In case this image doesn't load, yes, it actually is a Stephen King novel. Anyway, it's pretty well written, and is one of his better, more recent works. While I haven't read much of some of his classics, I will say this novel ended up being one of the bleakest, darkest stories I've read of his so far. Imagine storytelling along the lines of "Hearts in Atlantis", with a small dash of supernatural thrown in. So you have a story that is more concerned with characterization, and feeling, than one that pits a protagonist against an antagonist.

For once, the image should've been broke.
Then when the inevitable "So stephen king wrote this?"

You would've been like

"Yeah"


I think that has already happened once.

Anyway, I just finished this:
Image
, and it was fun to read; amazing how the whole thing operates like a lighthearted summer blockbuster, but there's tons of darkness in the subtext and themes.

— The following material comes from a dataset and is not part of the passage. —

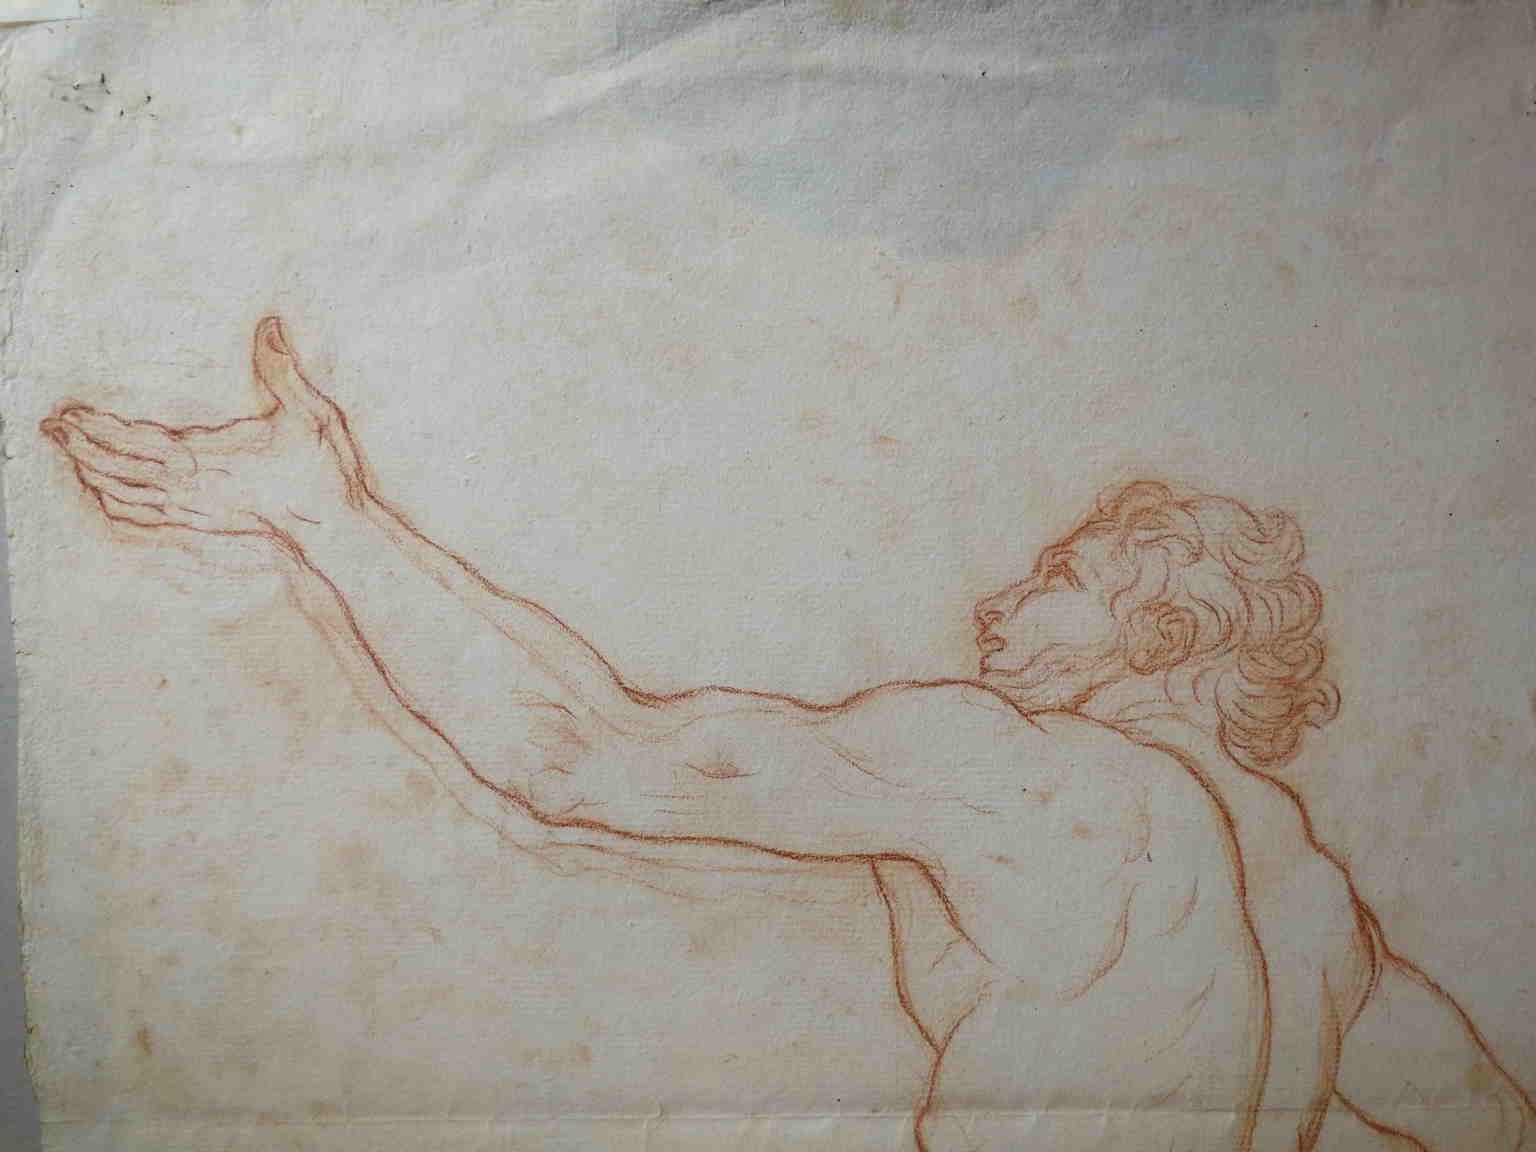 Disegno toscano figurativo nudo maschile a sanguigna su carta del XIX secolo - Other Art Style Art by Bernardino Orsetti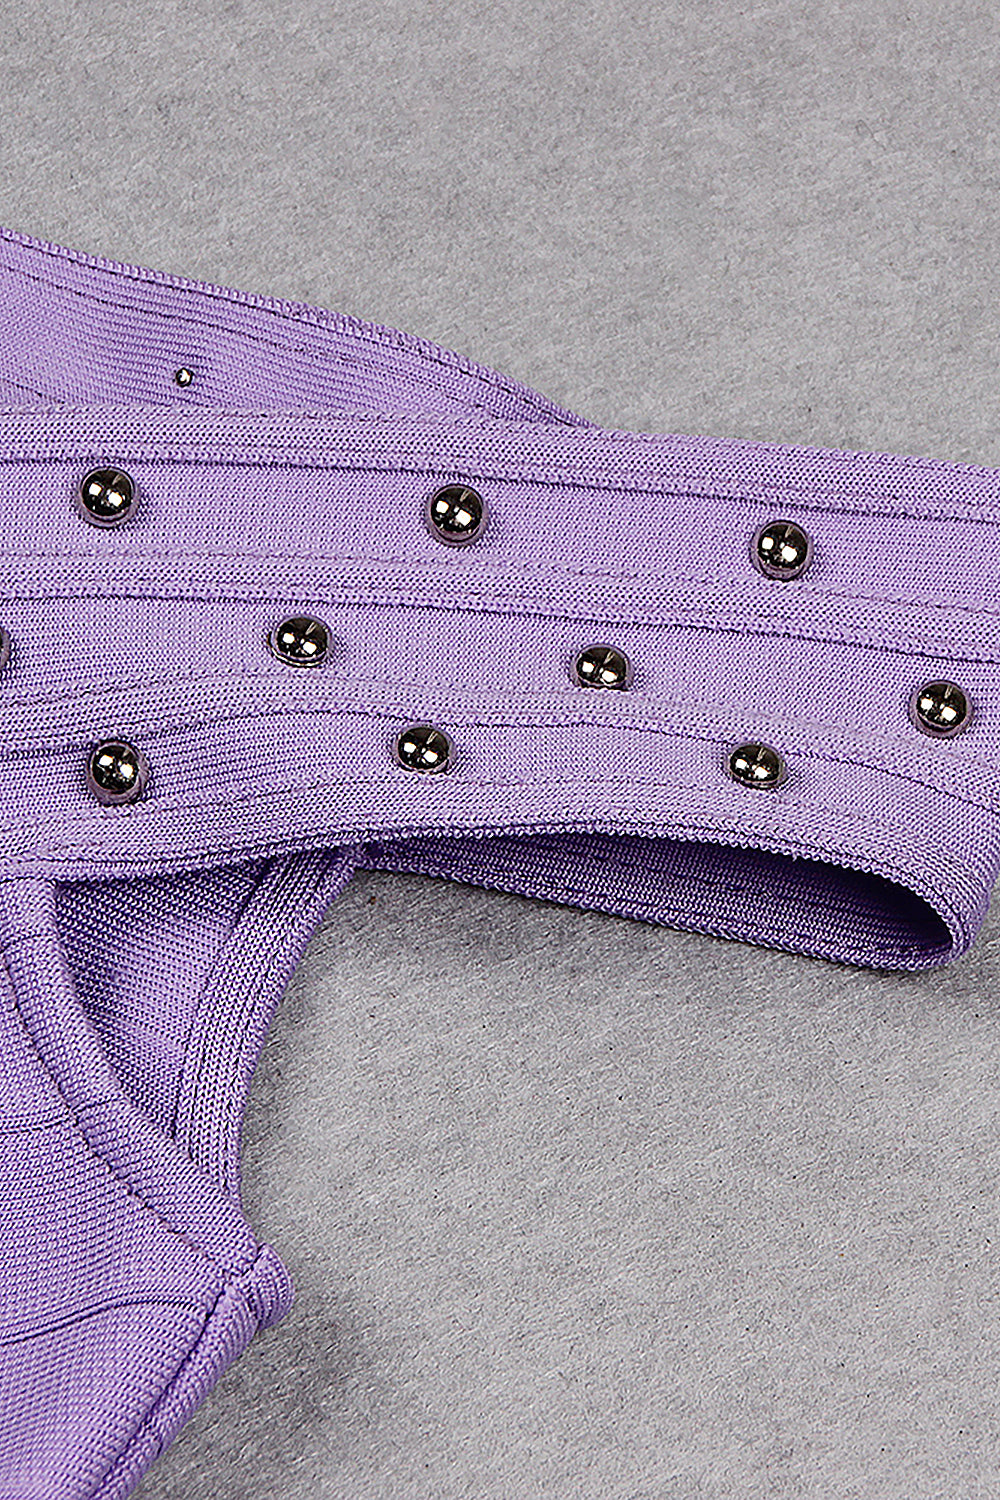 Purple Off-the-shoulder V-neck Beaded Bandage Dress

It captures what it's like to be a teenager very well. Is the rest of the series worth reading, though? I can see how things can be expanded upon, but I almost enjoy the ambiguity of the ending of this volume, and I wouldn't want to read the rest if it sucks.

I haven't read all of it, but I'm under the impression that all of the stuff by Brian K. Vaughn is good, but then it gets iffy. So if you've finished all of his issues, stop reading, I guess.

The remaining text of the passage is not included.